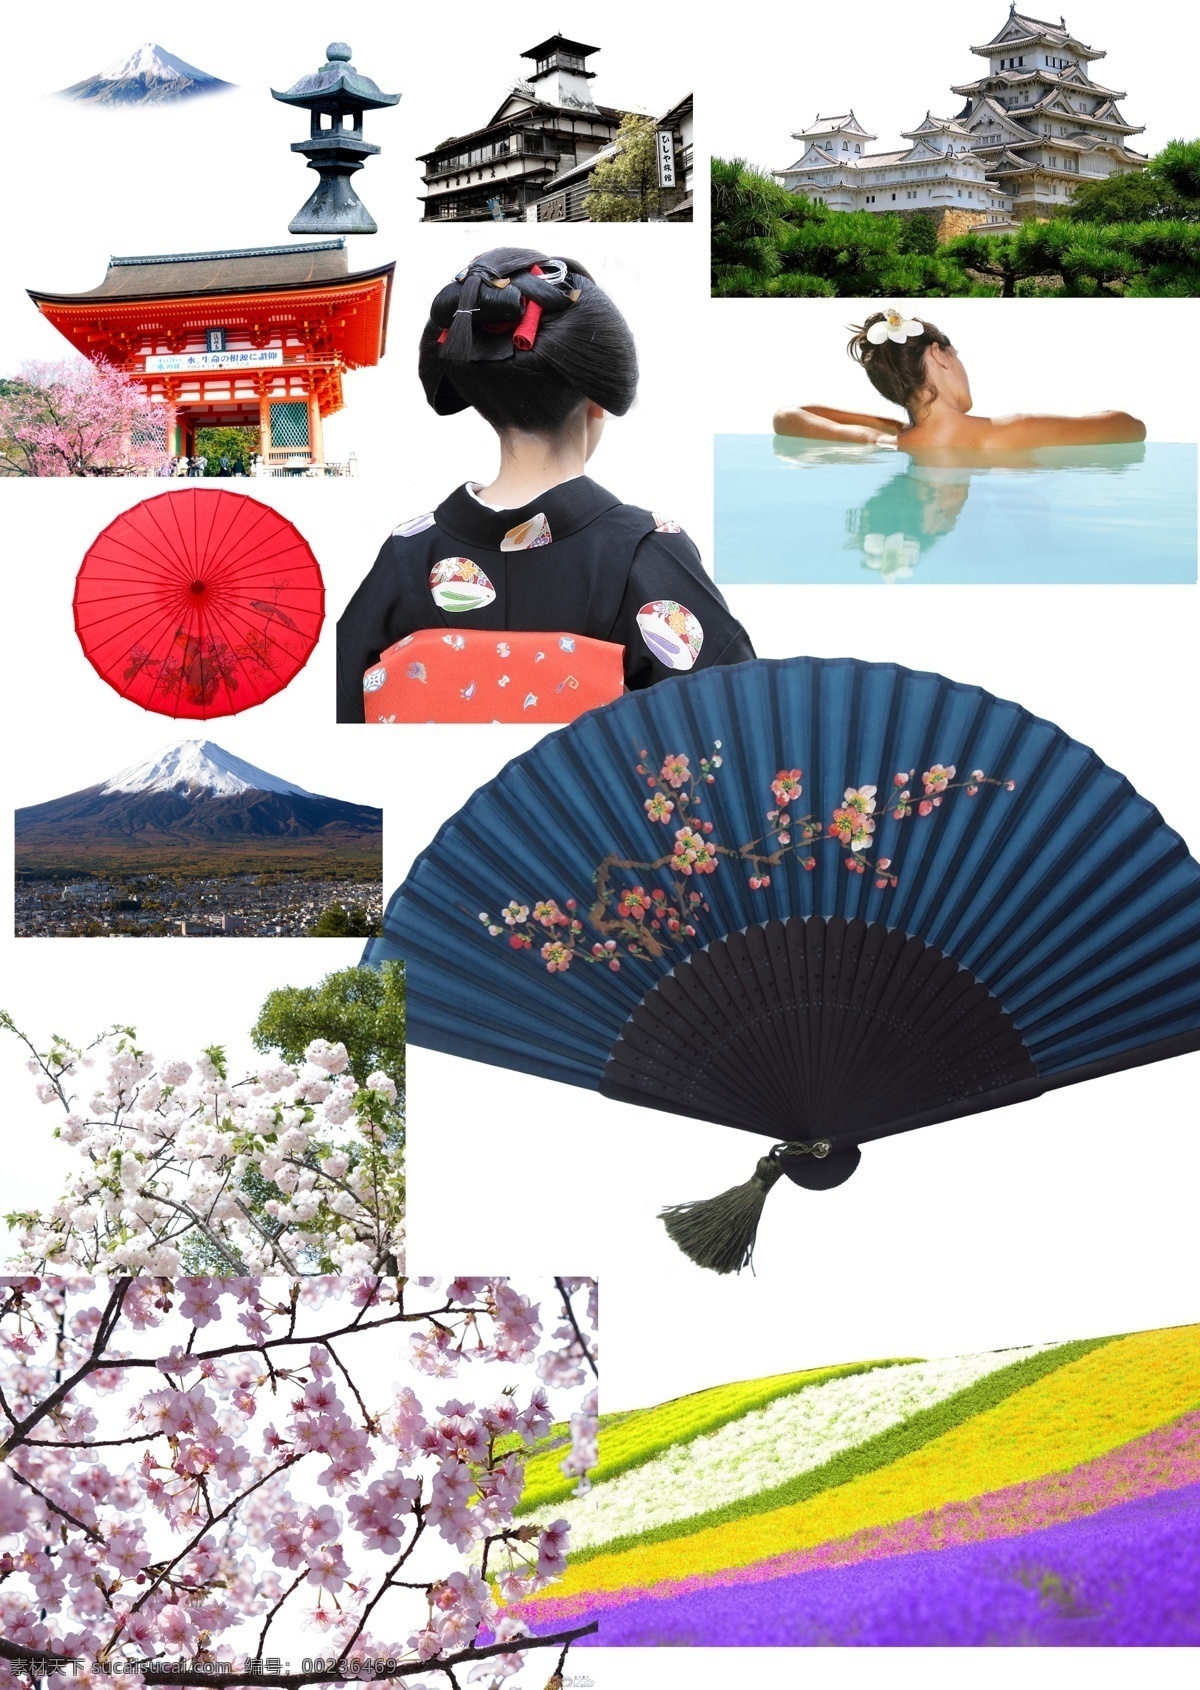 日本旅游 日本 旅游 日本建筑 富士山 樱花 艺妓 扇子 伞 png集合 日本素材 日本景点 旅游景点 白色
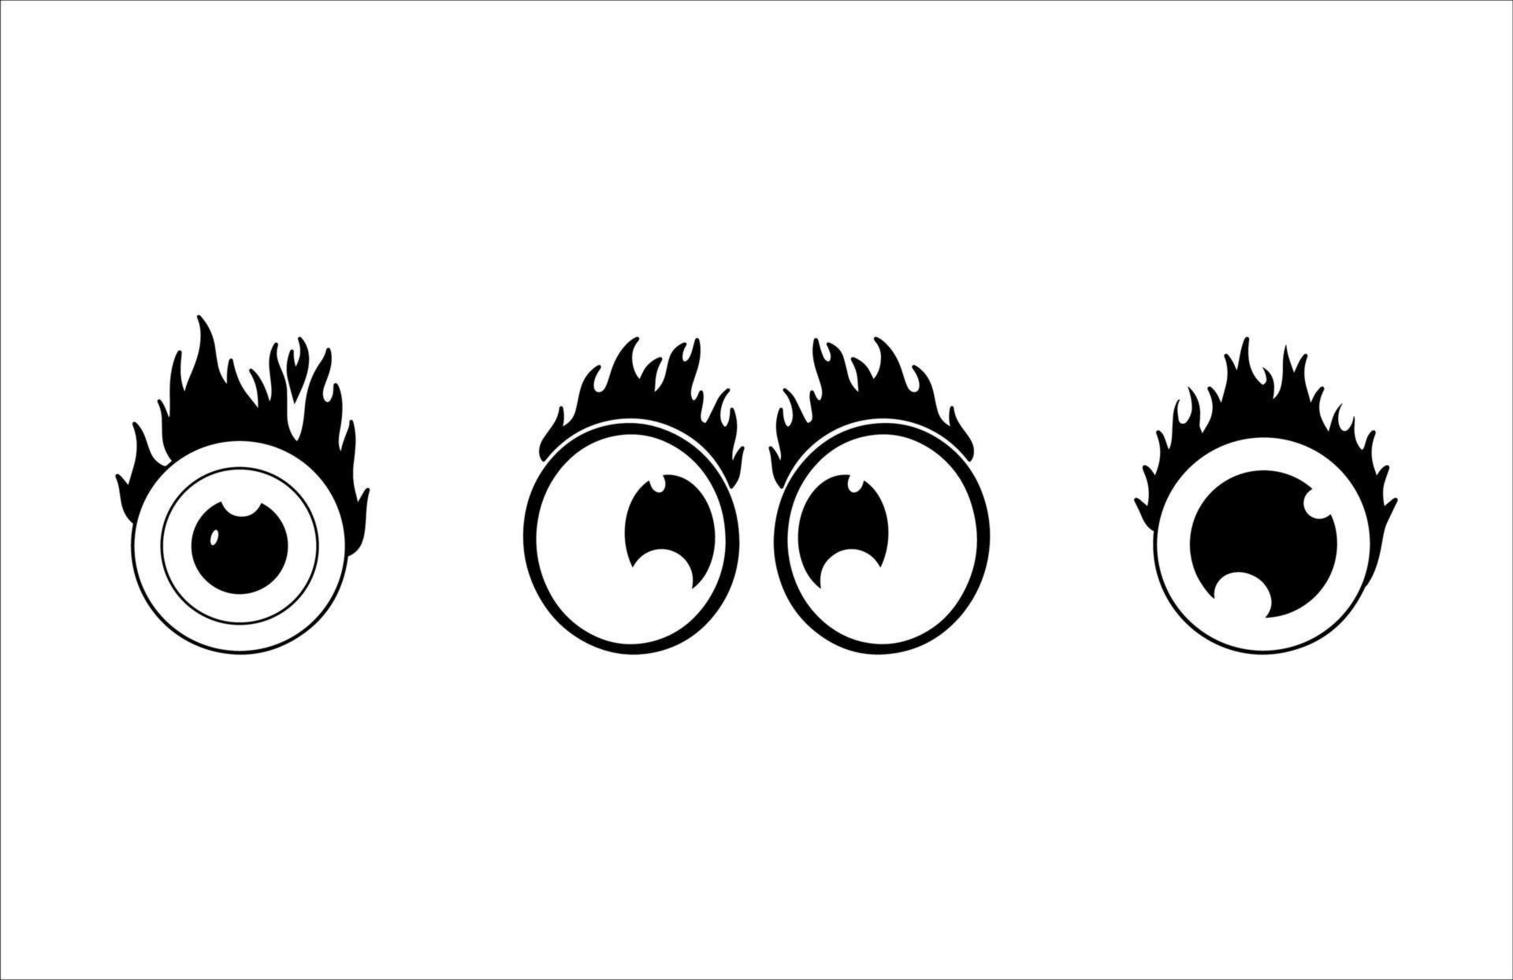 illustrazioni di occhi ardenti in bianco e nero vettore
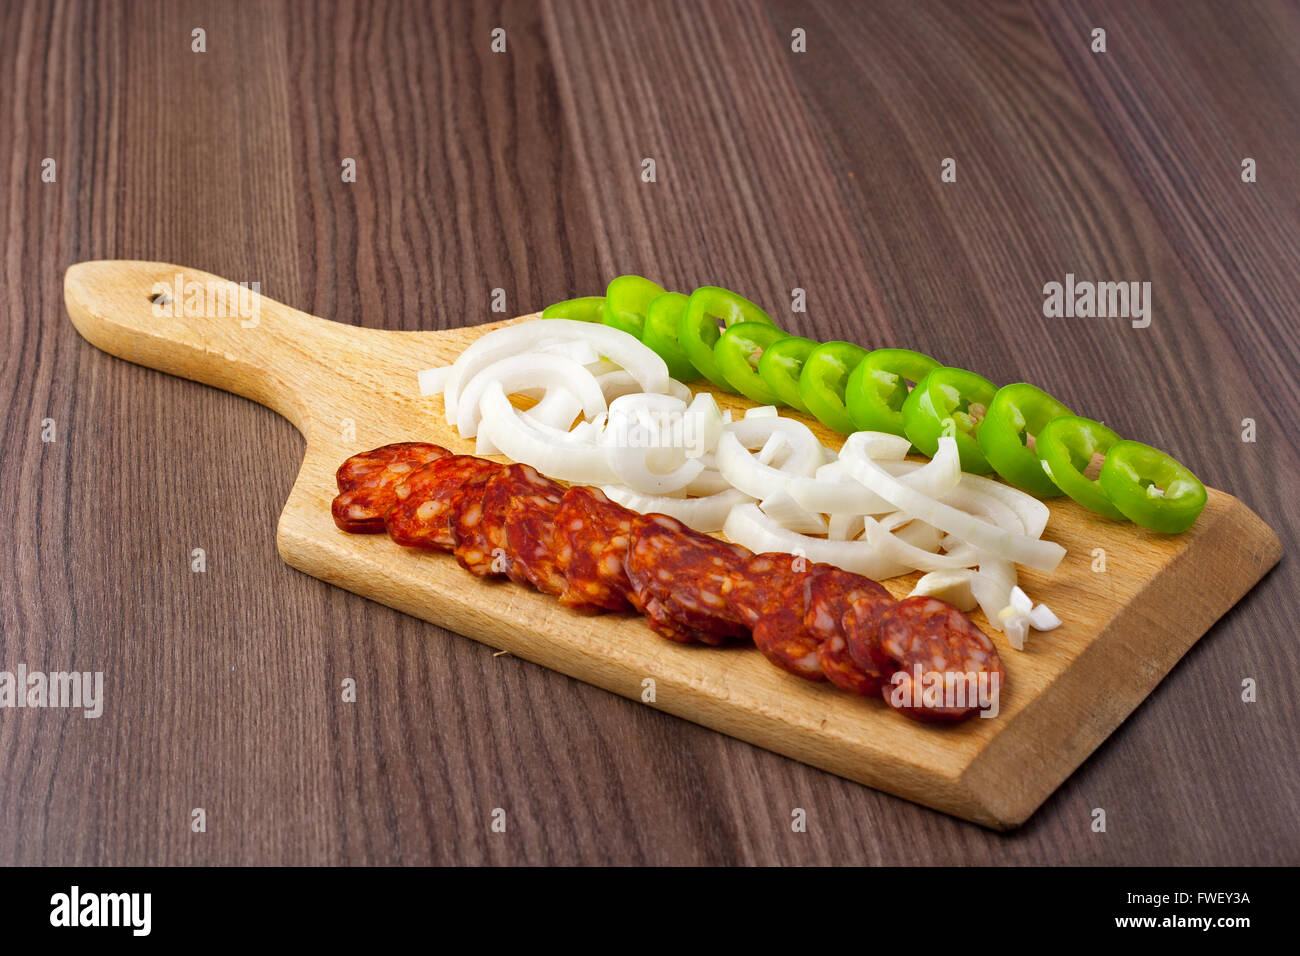 Ungherese piccante, affumicato, salsiccia. Servite su un piatto di legno con un po' di cipolla fresca e pepe verde Foto Stock
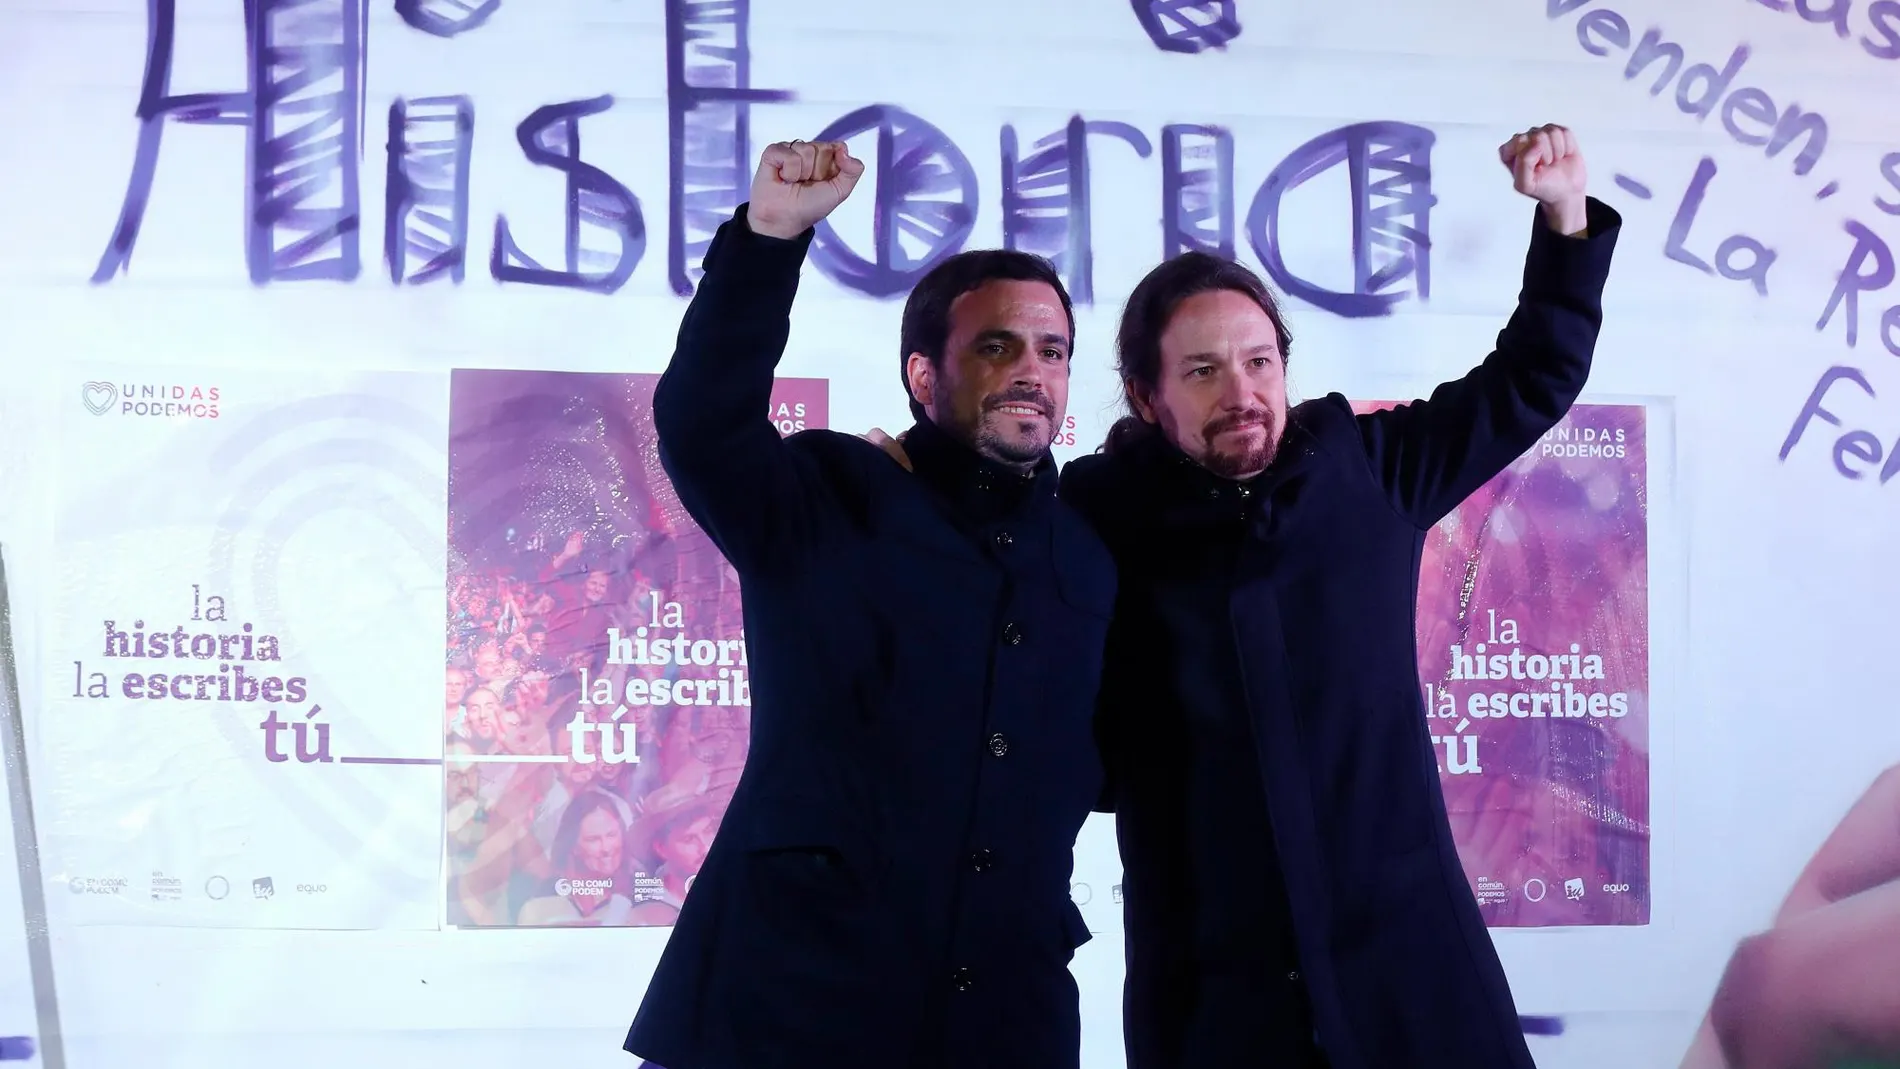 Alberto Garzón y Pablo Iglesias, líderes más influyentes y con un mayor número de seguidores en redes sociales, respectivamente

• _Work item_
Retype the lines above exactly, no pictures.

• _Solution to the exercise_
 日本旅游 日本 旅游 日本建筑 富士山 樱花 艺妓 扇子 伞 png集合 日本素材 日本景点 旅游景点 白色
 illustrazioni di occhi ardenti in bianco e nero vettore
 Ungherese piccante, affumicato, salsiccia. Servite su un piatto di legno con un po' di cipolla fresca e pepe verde Foto Stock
 Alberto Garzón y Pablo Iglesias, líderes más influyentes y con un mayor número de seguidores en redes sociales, respectivamente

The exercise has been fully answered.